Doch weil die Grippewelle in Australien, die oft einen Ausblick auf das spätere Infektionsgeschehen hierzulande ermögliche, vergleichsweise stark ausgefallen sei, rechnet der Mediziner mit einer hohen Fallzahl in Deutschland im Herbst. Beier sagt: „Wir müssen davon ausgehen, dass das Patientenaufkommen in unseren Praxen in den kommenden Monaten erneut extrem hoch sein wird.“
Einen Grund, abermals über staatliche Infektionsschutzmaßnahmen nachzudenken, sieht der Präsident der Bundesärztekammer, Klaus Reinhardt, deshalb aber nicht. „Vielmehr sollten die Menschen darin bestärkt werden, eigenverantwortlich mit potentiellen Risiken umzugehen“, sagt Reinhardt der F.A.Z. „Gerade Bevölkerungsgruppen mit Vorerkrankungen, Tumorpatienten oder Menschen mit Immunsuppression sollten für sich selbst abwägen, ob sie in bestimmten Situationen Maske tragen, zum Beispiel in der voll besetzten Bahn oder in stark frequentierten Innenräumen.“ Und wer sich krank fühle, solle zu Hause bleiben, rät der Mediziner. „Das gilt für Corona und für alle anderen Infektionskrankheiten auch.“
Länder beobachten die Lage genau
Diese Haltung entspricht der Wahrnehmung in den Bundesländern. Man beobachte die Situation genau, sagte Bayerns Gesundheitsminister Klaus Holetschek (CSU) der F.A.Z. „Mit dem freiwilligen Tragen von Gesichtsmasken kann man sich und andere schützen, etwa bei dem Besuch von Pflegeheimen.“ Die Hamburger Sozialbehörde rechnet mit einem Anstieg der Infektionszahlen im Herbst und Winter, hält die Lage aber für „aktuell nicht besorgniserregend“, wie eine Sprecherin sagte. Ähnlich beurteilt das zuständige Ministerium in Sachsen die Lage. Im Thüringer Sozialministerium hält man es für derzeit „unwahrscheinlich, dass es noch einmal zu einer großen Pandemiewelle kommt“, sagte eine Sprecherin.

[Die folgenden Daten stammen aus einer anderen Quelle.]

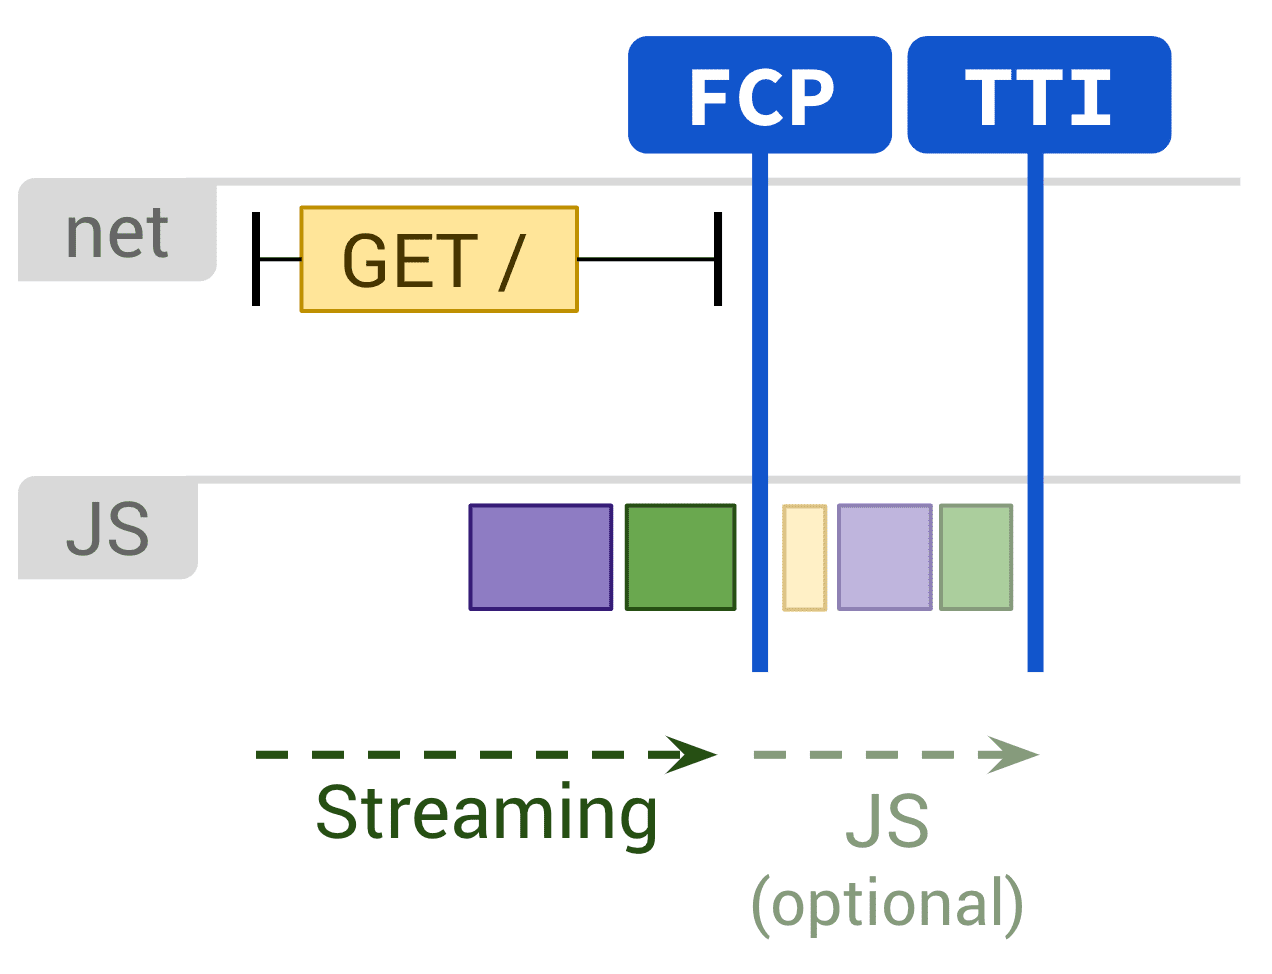 Diagrama en el que se muestra la renderización estática y la ejecución opcional de JS que afectan a FCP y TTI.
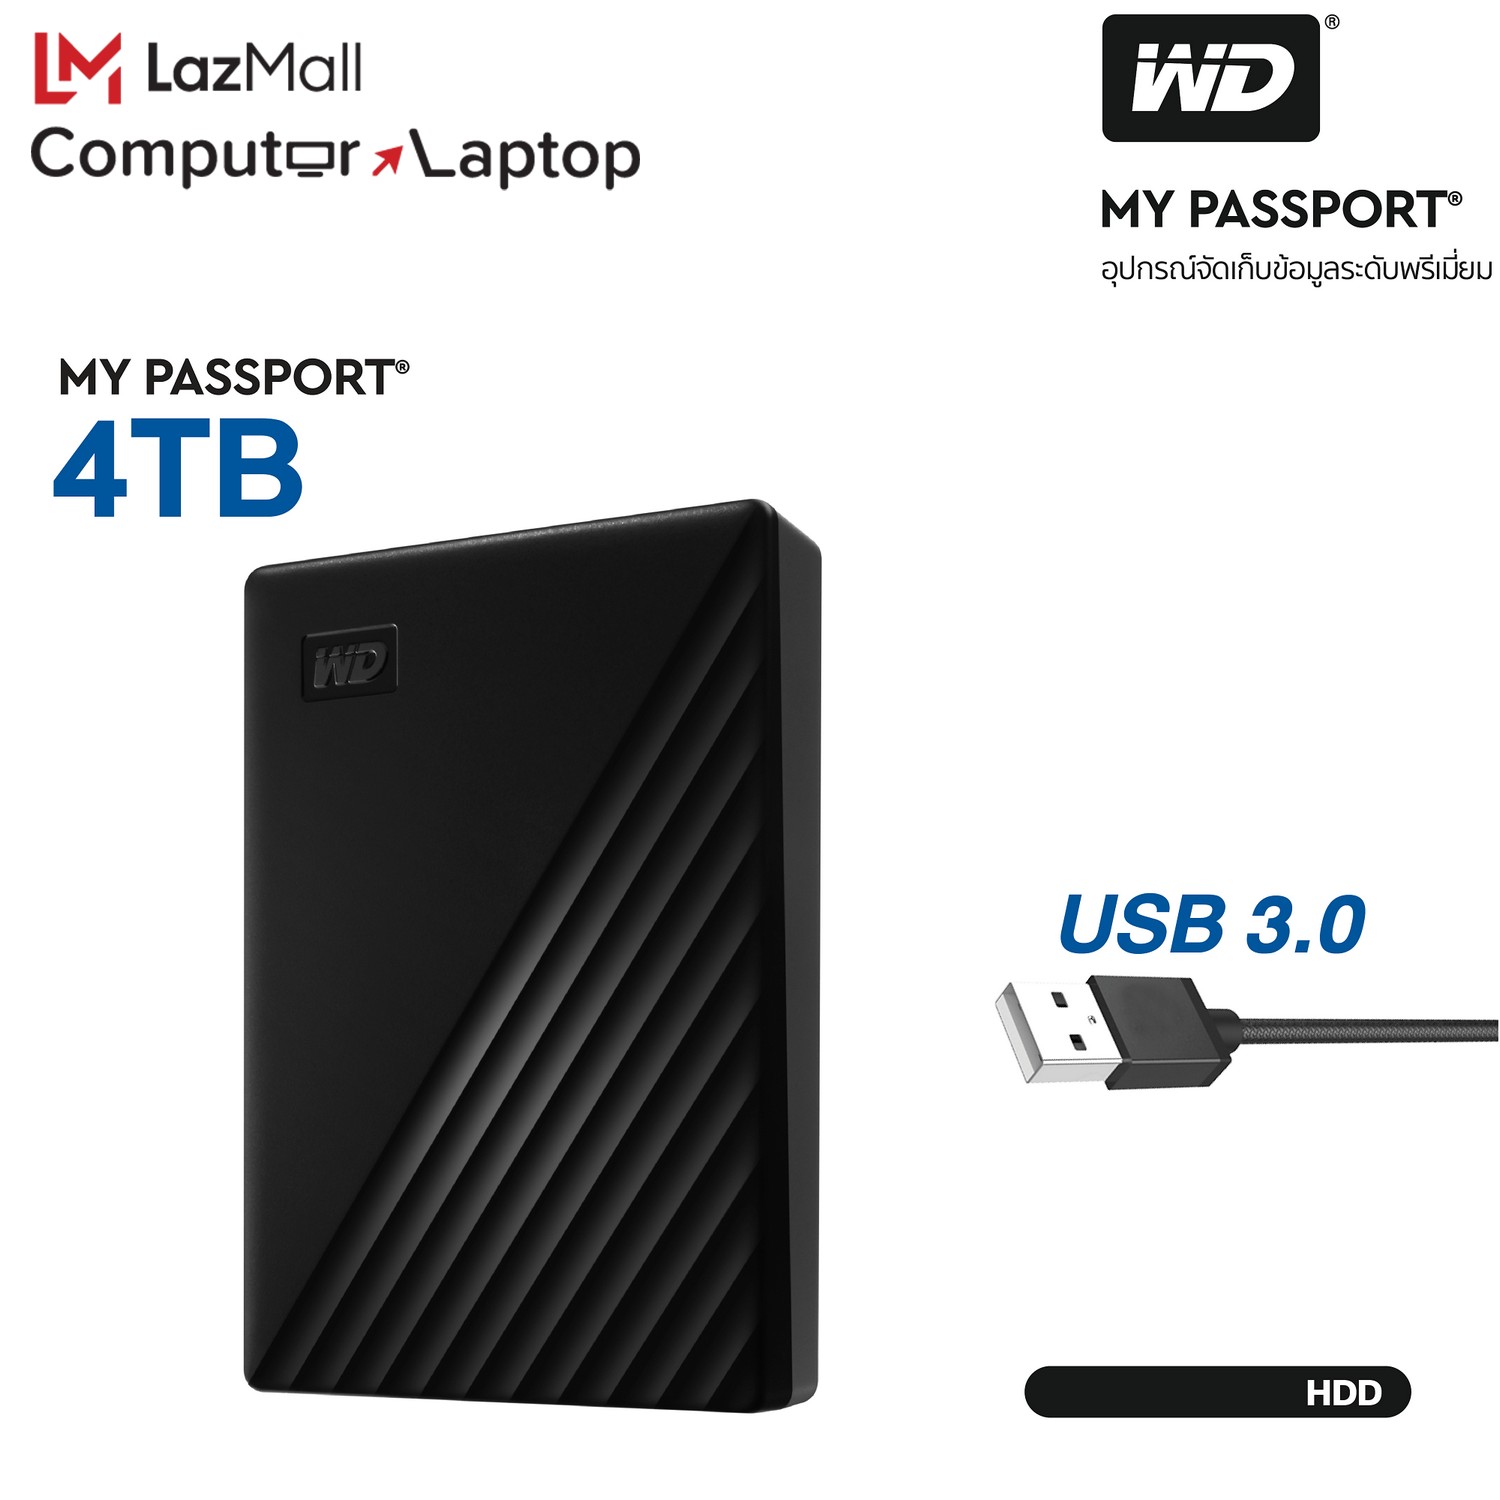 WD My Passport 4TB, Black, USB 3.0, HDD 2.5

Und das hessische Sozialministerium rät neben dem freiwilligen Masketragen auch wieder zu freiwilligen Corona-Tests. Das Gesundheitsministerium in Schleswig-Holstein rechnet mit einem „deutlichen Anstieg der Erkältungszahlen“, die nicht nur auf Corona zurückzuführen seien. Wenn verschiedene Erreger kursieren, könnte dass eine „saisonale Mehrbelastung in Praxen und Krankenhäusern“ auslösen, durch hohe Patientenzahlen und ausfallendes Personal. Eine neue „Taskforce Notfallversorgung“ soll die Lage im Land im Blick behalten.
Unklar ist, wie sich neue Varianten des Coronavirus auf das Infektionsgeschehen auswirken. Nach Angaben des Robert-Koch-Instituts (RKI) wurden Anfang September neun Varianten des Coronavirus in Deutschland nachgewiesen, mit einem Anteil von fast einem Viertel die Rekombinante EG.10.1.